From the absurdly costume-like topic to the affected language of Chase's message, I just can't imagine anyone like this exists outside of a 1920s novel. For chrissakes, I actually went to a New England prep school and a trad college (in the Ivy League) and never came across anyone that was so spot-on with the stereotypes.

Forget it, don't tell me if it's a joke. I sorta hope it's not.


----------



## Orsini (Apr 24, 2007)

Chase Hamilton said:


> After searching, it turns out Pakeman has _precisely_ what I am looking for:
> 
> 
> 
> ...


It looks good to me. And burgundy sounds great.

You seem to be within the Roetzel-thumping conventional wisdom (which you don't really need to be, anyway...)

Have a good time!


----------



## Pale Male (Mar 24, 2008)

*I just can't imagine anyone like... Chase Hamilton*

As the song goes, you need to "Use Your Imagination".

A week or so into Freshman Year, after I neurotically convinced myself that all the Really Smart, Truly Witty, Fun, Swellegant People must actually be somewhere else -- Harvard, maybe? -- I walked into an meeting and saw a fellow seated on one of the leather sofas dressed in a burgundy velvet smoking jacket. So-and-so the third's Grandson. Too few and far between for my taste. One really should balance the grim pre-professionalism with a few characters that F. Scott might recognize.


----------



## Chase Hamilton (Jan 15, 2007)

*Use Your Imagination*

Use your imagination
Just take this motto for your theme.
And soon every night
Will be crowded with delight
And every day will be a dream.

Use your imagination
You'll see such wonders if you do.
Around you there lies
Pure enchantment in disguise
And endless joys you never knew.

Behind every cloud
There's a so-lovely star.
Behind every star,
There's a lovelier one by far.

So use your imagination
Just take this motto for your theme.
And soon you will dance
On the road to sweet romance
And every day will be a dream.
And every day will be a perfect dream.

Music and Lyrics: Cole Porter

All rights reserved.


----------



## pbc (Apr 4, 2008)

While I feel I have the right attitude (no reticence) to wear one, I don't think I would at this particular function. But I have no problems with such a host wearing it. Frankly, I don't think age has as much to do with being able to wear certain styles or articles as some people have mentioned. Attitude is far more important. I like the attention to detail Chase has put into this and think it will turn out wonderfully. In fact, white tie wouldn't seem out of place for this function either - carefully selected very elegant private dining room, planned menu in consultation with the chef, string quintet, select group of close friends, etc. Wear the jacket. Do post some pictures of the evening.

pbc


----------



## Miket61 (Mar 1, 2008)

Chase Hamilton said:


> Use your imagination
> Just take this motto for your theme.
> And soon every night
> Will be crowded with delight
> And every day will be a dream.


My first thought was Gene Wilder in _Willy Wonka and the Chocolate Factory_. For the song title, not his purple velvet suit...
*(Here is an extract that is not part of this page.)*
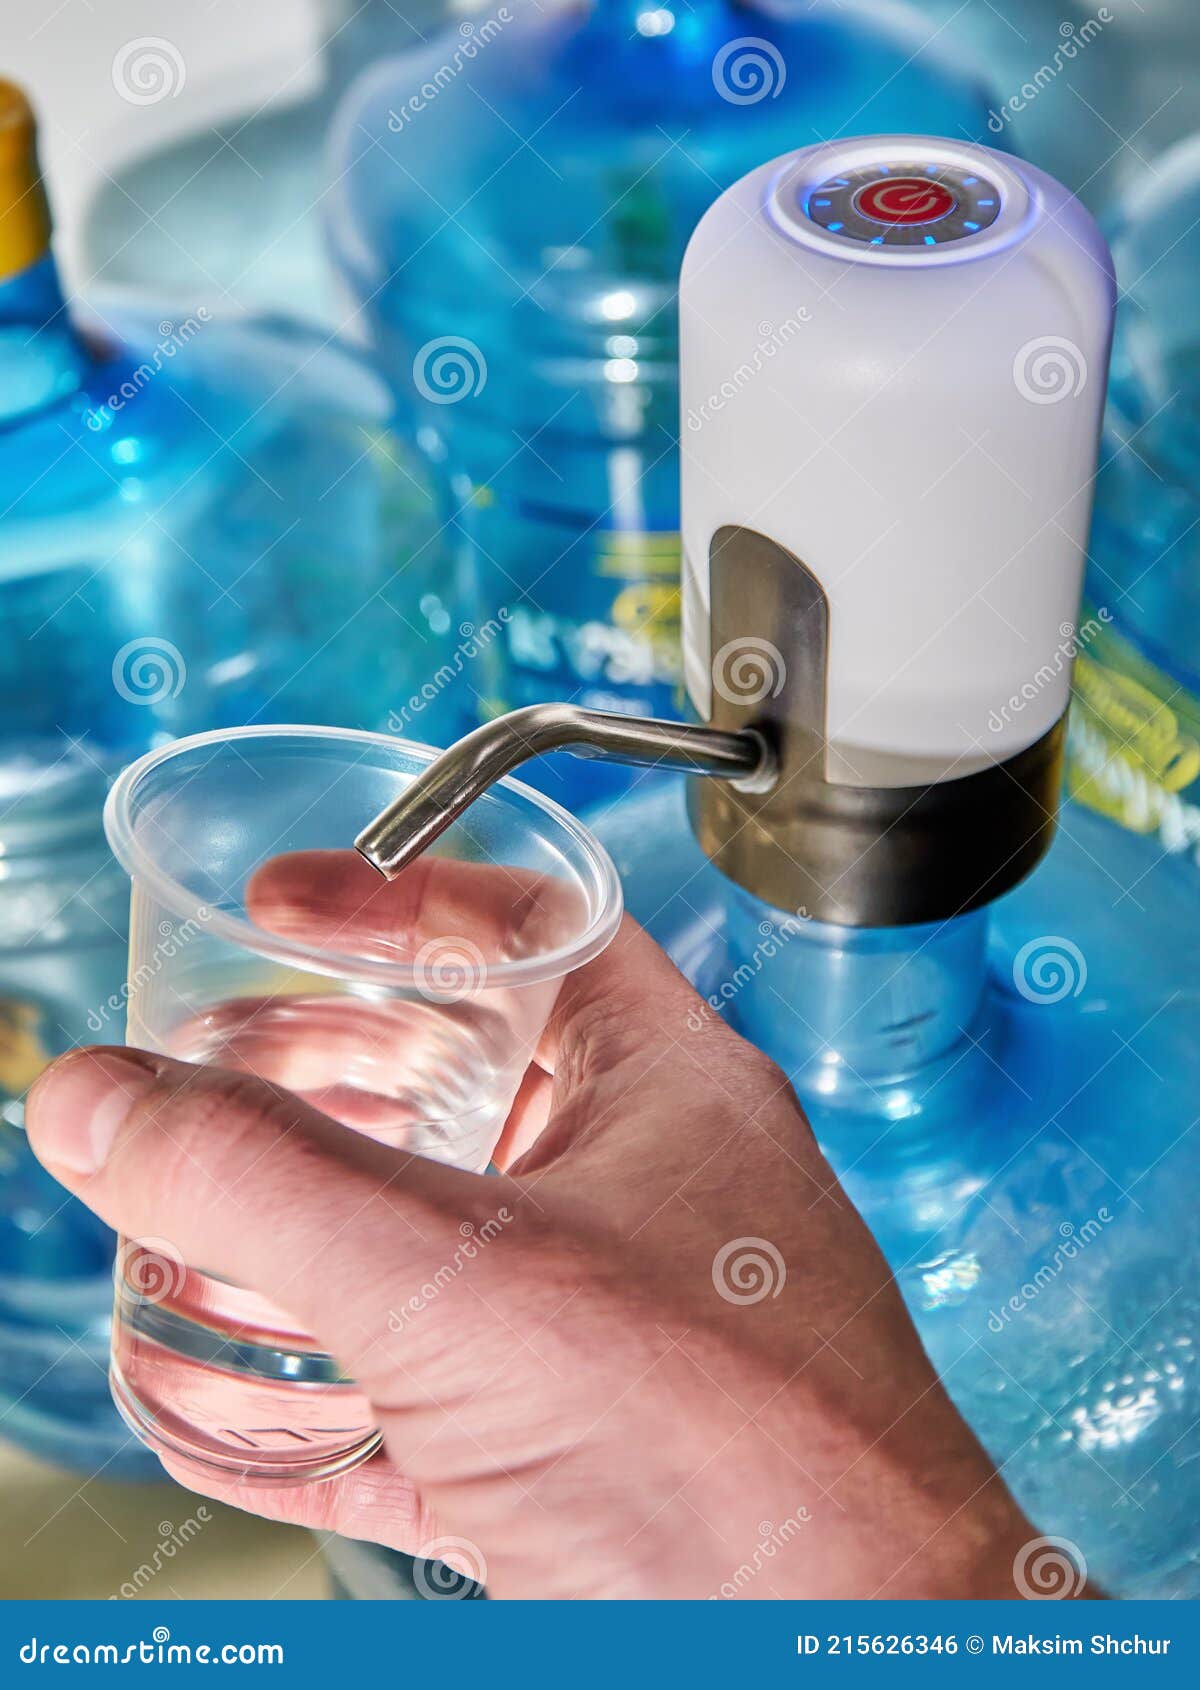 https://thumbs.dreamstime.com/z/elektrische-wasserpumpe-menschliches-gie%C3%9Fwasser-tragbare-pumpe-f%C3%BCr-wasserflaschen-ein-mann-gie%C3%9Ft-wasser-eine-transparente-215626346.jpg

With all the other horrid things that people your age can be involved in, I'm grateful that you've chosen something that is uplifting to those around you.


----------



## videocrew (Jun 25, 2007)

I'm so darn happy nowadays to see people "dressing up" in something besides a hideous spread collar shirt worn without tie and $300 jeans that I don't care how pretentious people might think this is. 

Good for you Chase for finding a harmless way to celebrate your birthday that you will enjoy. I hope you and your lucky friends have a great time, and many more celebrations to follow.


----------



## videocrew (Jun 25, 2007)

Miket61 said:


> My first thought was Gene Wilder in _Willy Wonka and the Chocolate Factory_. For the song title, not his purple velvet suit...


I was just ad-libbing a little ditty based on the 'golden ticket' song to a friend earlier in reference to a promotion they're running at the Wendy's down the street. Weird.


----------



## Dashing1 (Feb 27, 2007)

Chase Hamilton said:


> After searching, it turns out Pakeman has _precisely_ what I am looking for:
> 
> 
> 
> ...


Chase--

That jacket is pure sartorial splendor! Perfect...or as another poster noted, "swellegant."

I would go for it wholeheartedly. The Cole Porter reference is completely apropos.

Dum Vivimus, Vivamus!


----------



## Chase Hamilton (Jan 15, 2007)

One additional thought:

Has anybody here have any experience with Pakeman Catto and Carter?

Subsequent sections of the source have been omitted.